30) Arkan dan ... Raniya

12 1 0
                                    

Drtt..

Anna menghela napas kasar, mematikan panggilan yang sudah berkali-kali tidak terjawab. Tatapannya bertemu dengan mata Aira yang tengah tersenyum tipis--- tampak kecewa.

Anna mengambil ponselnya, "Bunda coba telpon Zaid aja deh, pasti dia tahu Arkan di mana dan sedang apa."

Aira menurut saja. Mendengar suara ponsel itu hingga panggilan suara itu terhubung.

"Assalamualaikum warahmatullahi wabarakatuh, Zaid."

["Wa'alaikumssalam warahmatullahi wabarakatuh, Bunda. Ada yang perlu dibantu, Bunda?" Suara Zaid menyapa di sebrang sana.]

"Bunda dari tadi telponin Arkan, tapi nggak diangkat. Sekarang dia di mana? Kalau di sana bilang kalau Bunda sama Aira nungguin, jangan lupa baca chat Bunda."

["Oh, begitu, Bunda. Tapi beberapa jam lalu Arkan udah pergi dari kantor, pamitnya mau ke tahfidz untuk persiapan nanti malam?"]

"Oke, terima kasih infonya, Nak Zaid. Maaf, Bunda ganggu waktunya, ya."

["Sama-sama, Bunda. Alhamdulillah, sekarang Zaid lagi santai juga kok, nggak mengganggu sama sekali." Jawabnya, terkekeh kecil.]

Setelah itu Anna menutup telpon dengan salam.

"Gimana, Bunda?" Tanya Aira.

"Katanya Arkan udah di tahfidz," jawab Anna, "ayo, kita langsung susulin ke sana!"

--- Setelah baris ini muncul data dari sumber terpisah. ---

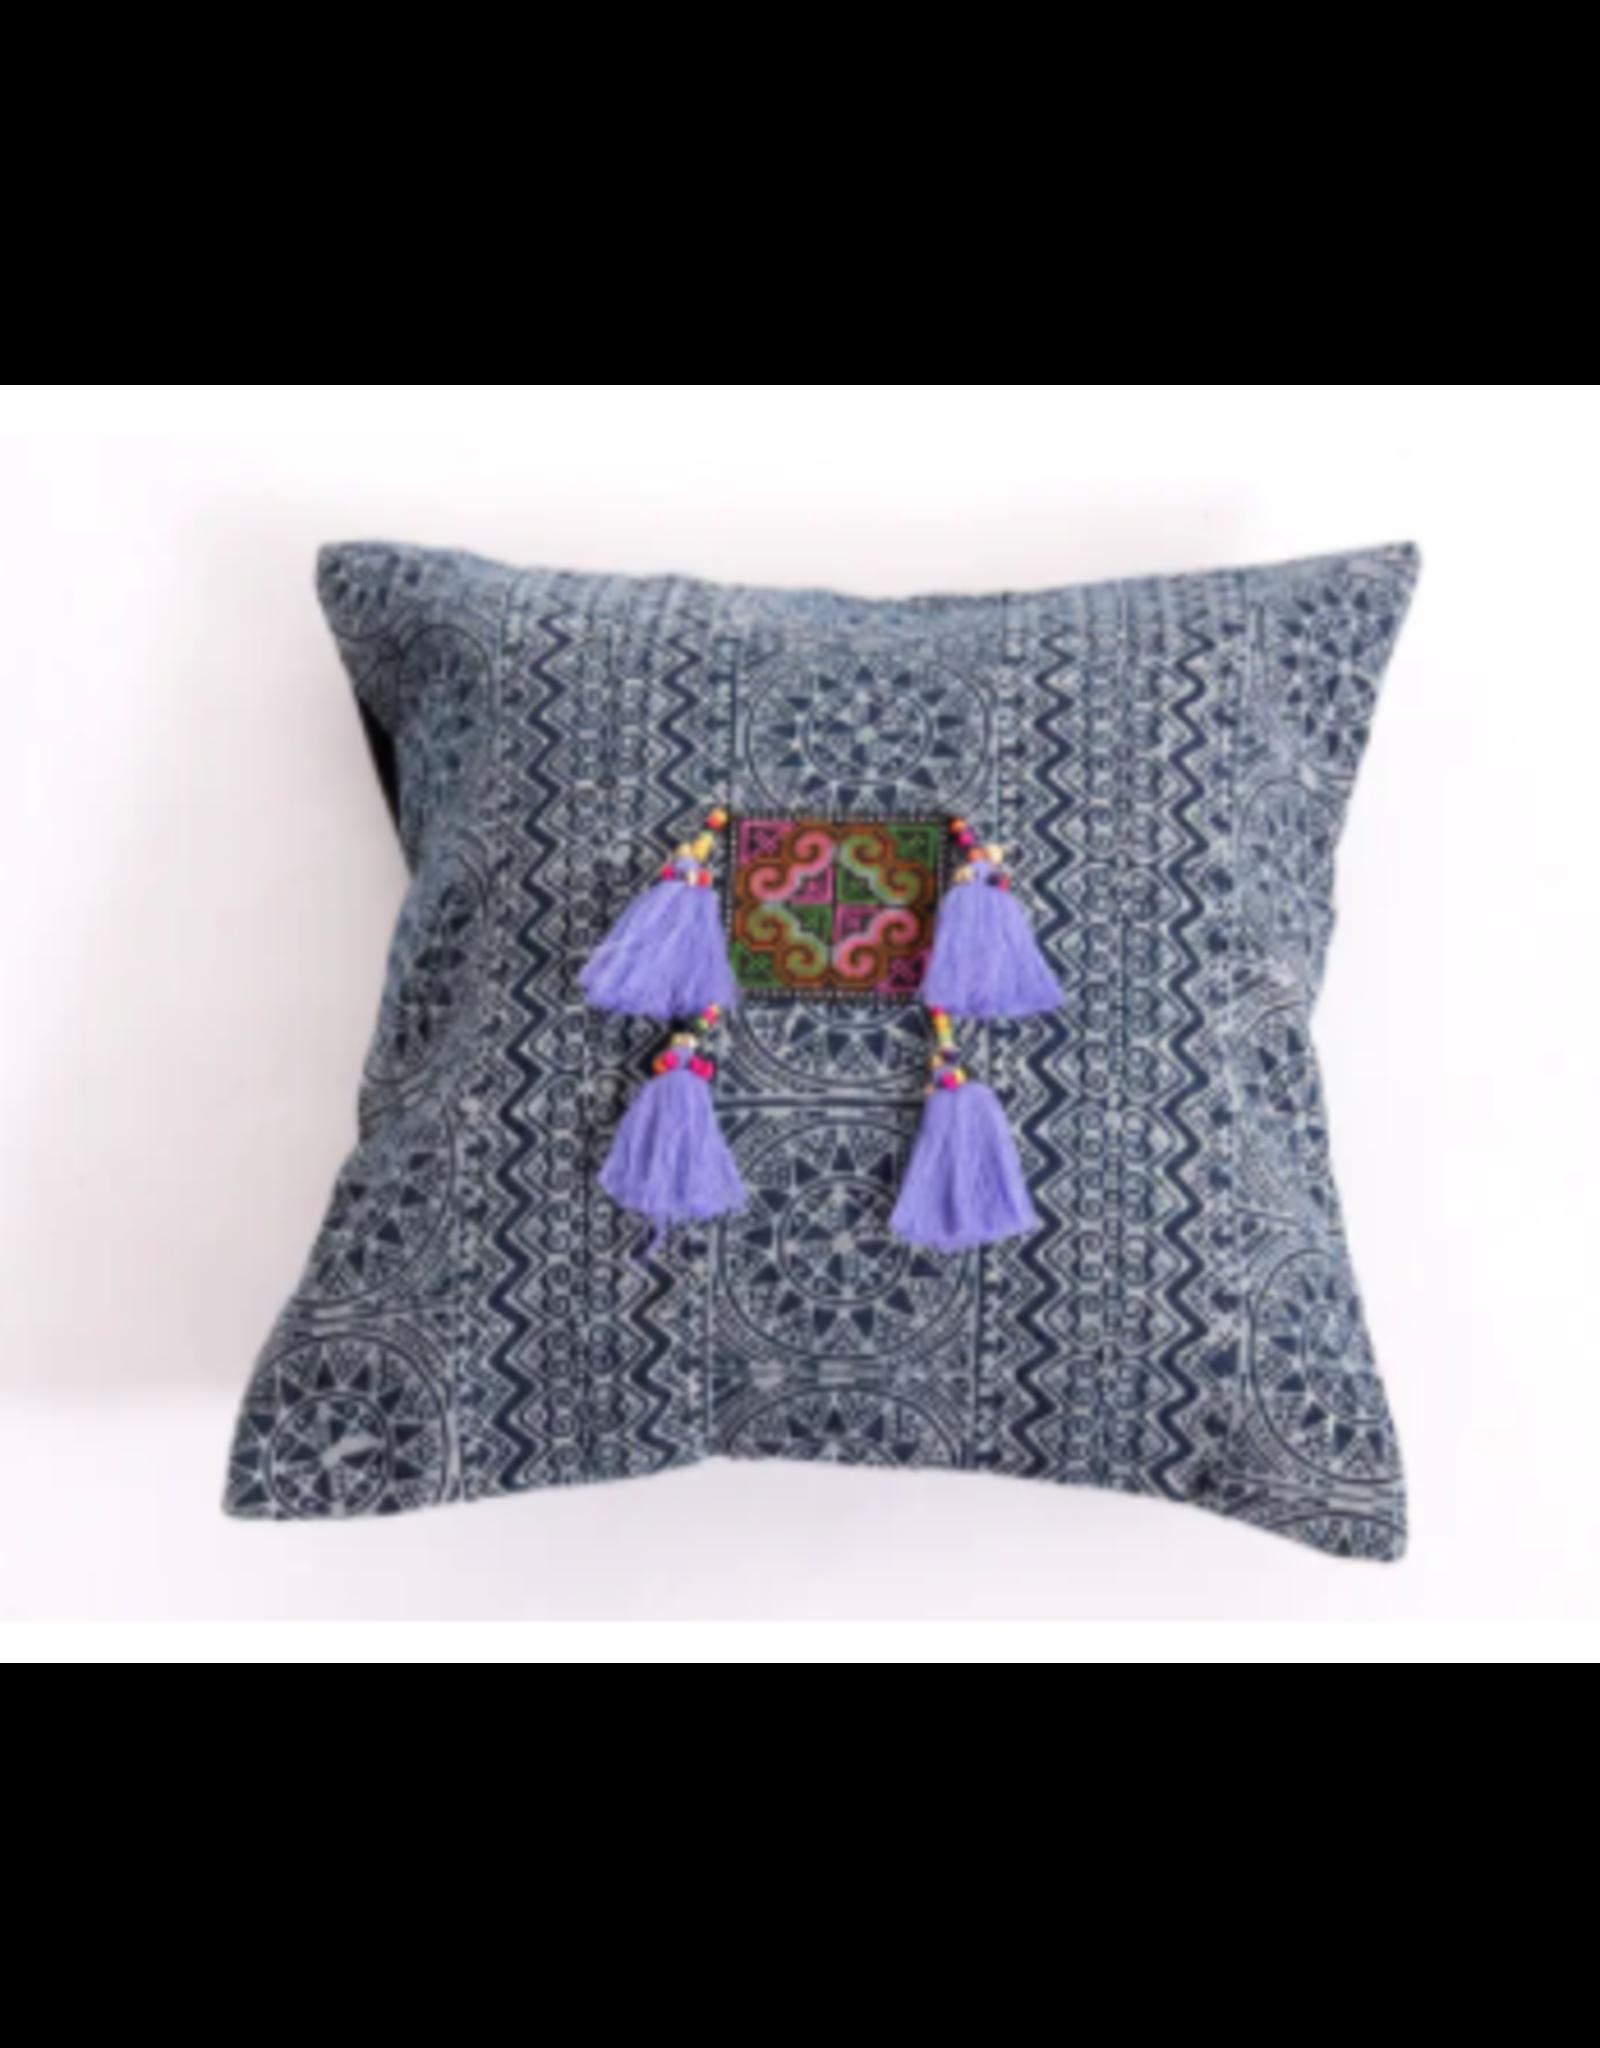 Hill Tribe Block Print Cotton Pillow Case, w/ Tassels

⁄⁠(⁠⁄⁠ ⁠⁄⁠•⁠⁄⁠-⁠⁄⁠•⁠⁄⁠ ⁠⁄⁠)⁠⁄

Sampai di rumah tahfidz yang sekaligus adalah rumah mertuanya, hal pertama yang menyambut kedatangan mereka adalah anak-anak tahfidz yang sedang berlatih ditemani Ibrahim dan beberapa ustadz/ustadzah lainnya. Sebaliknya, kedatangan Anna dan Aira membuat mereka cukup terkejut.

"Masya Allah, Ahlan Wa Sahlan, Nak Aira!"

"Ahlan Wa Sahlan, istrinya Ustadz Arkan yang cantik!"

"Ahlan Wa Sahlan, Ustadzah Aira!"

Aira menoleh pada Anna, mengernyitkan dahinya. Anna yang paham jika Aira tidak mengerti arti dari kalimat itu pun terkekeh kecil, lalu berbisik, "Ahlan Wa Sahlan itu artinya selamat datang, Nak. Maka kamu bisa jawab, Ahlan bik."

"Ahlan Bik, Abah, Ustadz, Ustadzah, dan adik-adik!" Aira tersenyum, merasa hangat dengan sambutan yang ada, "Oh iya, panggil kakak aja, ya? Kakak bukan ustadzah." Aira terkekeh kecil.

"Masya Allah, bener kata Ustadz Arkan tadi, kakak ustadzah cantik banget!"

Aira mengerjapkan matanya, tersipu mendengar jika Arkan sempat memujinya di depan anak-anak ini. Bibirnya tak sadar naik, "Terima kasih." Aira mengusap kepala anak itu, "Oh iya, sekarang ustadz Arkannya di mana?"

"Eum, tadi memang ada, kak. Ustadz juga sempat ngajarin Anya dan temen-temen latihan. Tapi, nggak lama tadi baru aja pamit ke kantor."

"Kantor?" Ibrahim mengernyitkan dahinya, kemudian bergeleng, "Abah dari tadi di kantor nggak ketemu Arkan sama sekali. Emang Arkan di sini?"

"Iya, Ustadz. Ustadz Arkan ada di sini, tadi sempat nyapa saya seperti biasa begitu datang. Kira-kira 2 jam yang lalu, belum ada keluar lagi. Terus 1 jam yang lalu Ustadzah Raniya yang datang."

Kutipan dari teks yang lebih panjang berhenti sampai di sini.